Se há algo que o ser humano precisa para viver é de histórias. As histórias são tão
essenciais a vida, como são a água e o oxigênio. O ato de ouvir e contar histórias faz
parte da cultura de todos os povos e mantém acesa a chama de sua identidade cultural.
Contar histórias faz com que toda uma tradição, lendas, crenças, a trajetória dos
antepassados sejam passadas de geração a geração. Mais do que isso, ensinamentos são
transmitidos. Ou como diria Walter Benjamin, é na narrativa que é compartilhada a
sabedoria.

Entre diversos povos africanos, por exemplo, havia o griot, membro da comunidade que
era o guardião das histórias de seu povo. Ele tinha a responsabilidade sagrada de
transmitir lendas e ritos ancestrais a partir da narração oral. Já entre os gregos antigos,
os aedos e os rapsodos contavam essas histórias em espetáculos públicos.

Entre os árabes não havia aldeia em que não existisse pelo menos um contador de
histórias. Em algumas cidades maiores, como Cairo, Damasco ou Constantinopla, os
contadores de história se reuniam em associações, e o seu dirigente, denominado de
cheik el-madah, recebia enorme prestígio e autoridade.

Ao longo dos séculos o ato de contar histórias foi se modificando, as plataformas foram
se alterando, os mecanismos foram se adaptando às necessidades de cada povo. Porém,
a essência do que significa ouvir e contar histórias permanece. Permanece a vontade de
trocar experiências, de transmitir valores, de sensibilizar.

A Literatura é uma dessas manifestações da arte de contar histórias. Nas páginas dos
livros compartilhamos os dramas e aventuras, dores e alegrias, vitórias e fracassos de
personagens, que embora não povoem o mundo concreto, transmitem emoções
compartilháveis por qualquer um que co-habita em seu mundo por alguns momentos.
Ao mergulhar em uma história compartilhamos a dor do outro, mesmo que nunca a
tenhamos experimentado em nossa vida cotidiana. E esse contado com o sentir o que o
outro sente desperta em nós compaixão, empatia. Também desperta um olhar crítico
sobre o mundo e as relações humanas. Nos torna, ao mesmo tempo, mais esperançosos e
céticos acerca de tudo o que nos redeia.

Cada história ouvida, lida ou compartilhada nos transforma. Modifica nossa visão de
mundo e a maneira como nos comportamos sobre determina situação. Faz com que
entendamos o mundo de uma maneira mais complexa, ampliando os horizontes e
tornando múltiplas as possibilidades de análise daquilo que nos cerca.

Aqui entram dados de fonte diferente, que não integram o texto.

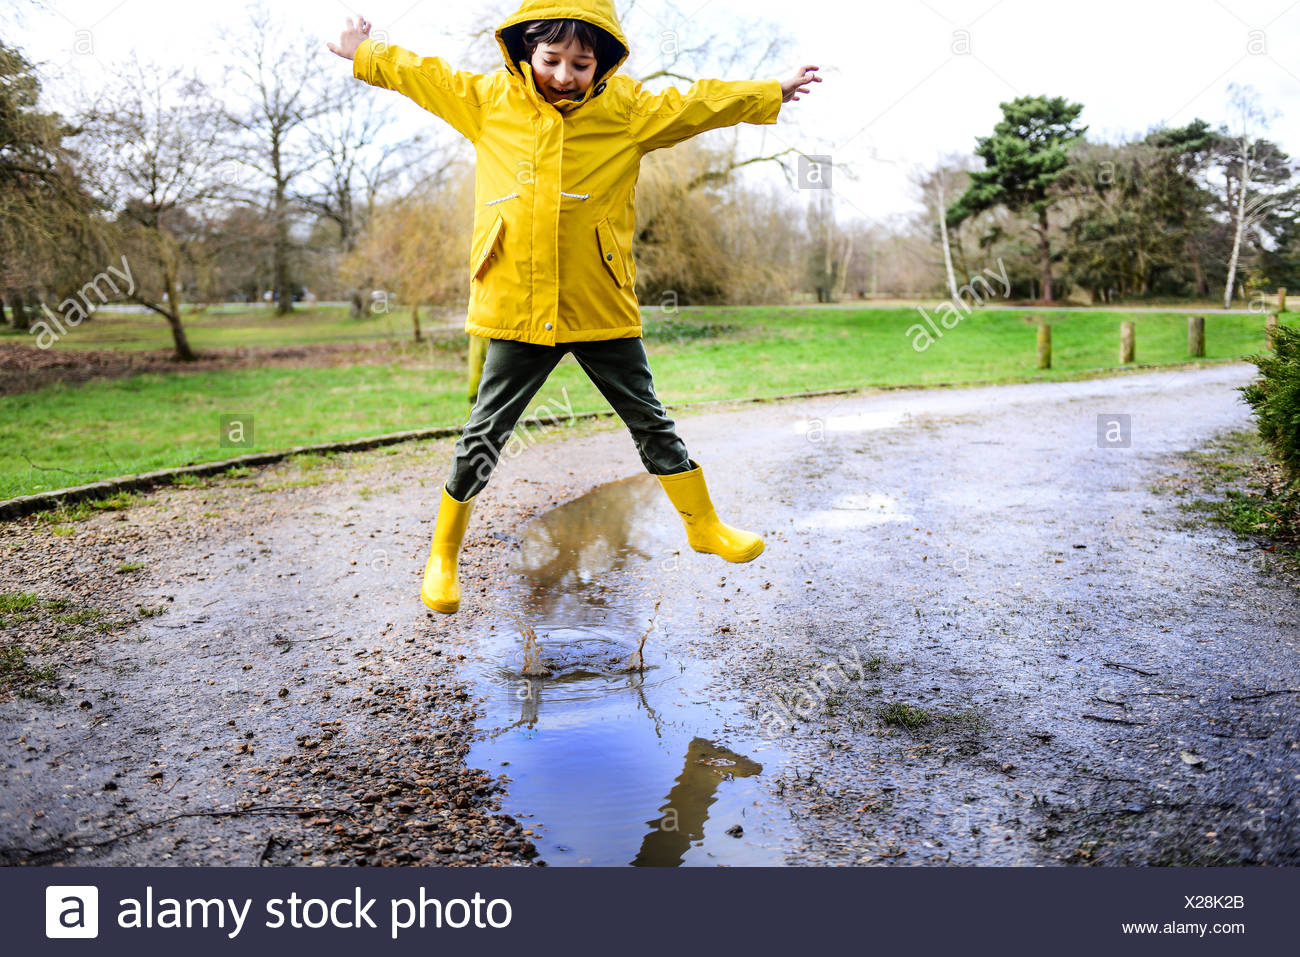 Chico en anorak amarillo saltar por encima de charco en park Imagen De Stock

Em um mundo repleto de violência, em que a dor do outro não toca mais. Num
momento em que se assiste em silêncio a injustiça. No qual a morte vira estatística, e o
outro vira um problema social. Em que o semelhante representa perigo por ser diferente.

Está faltando histórias. Está faltando ouvir, ler e compartilhar narrativas, que se tornam
experiências. Está faltando compartilhar sabedoria. Está faltando se colocar no lugar do
outro, e por alguns momentos experimentar uma vida que não é a nossa. Sofrer uma dor
que não é a nossa. E assim, rememorarmos nossa identidade cultural. E assim,
aprendermos qual é a trajetória dos nossos antepassados. E assim, recordarmos o que
precisamos de verdade para viver. E assim, lembrarmos o que é ser humano.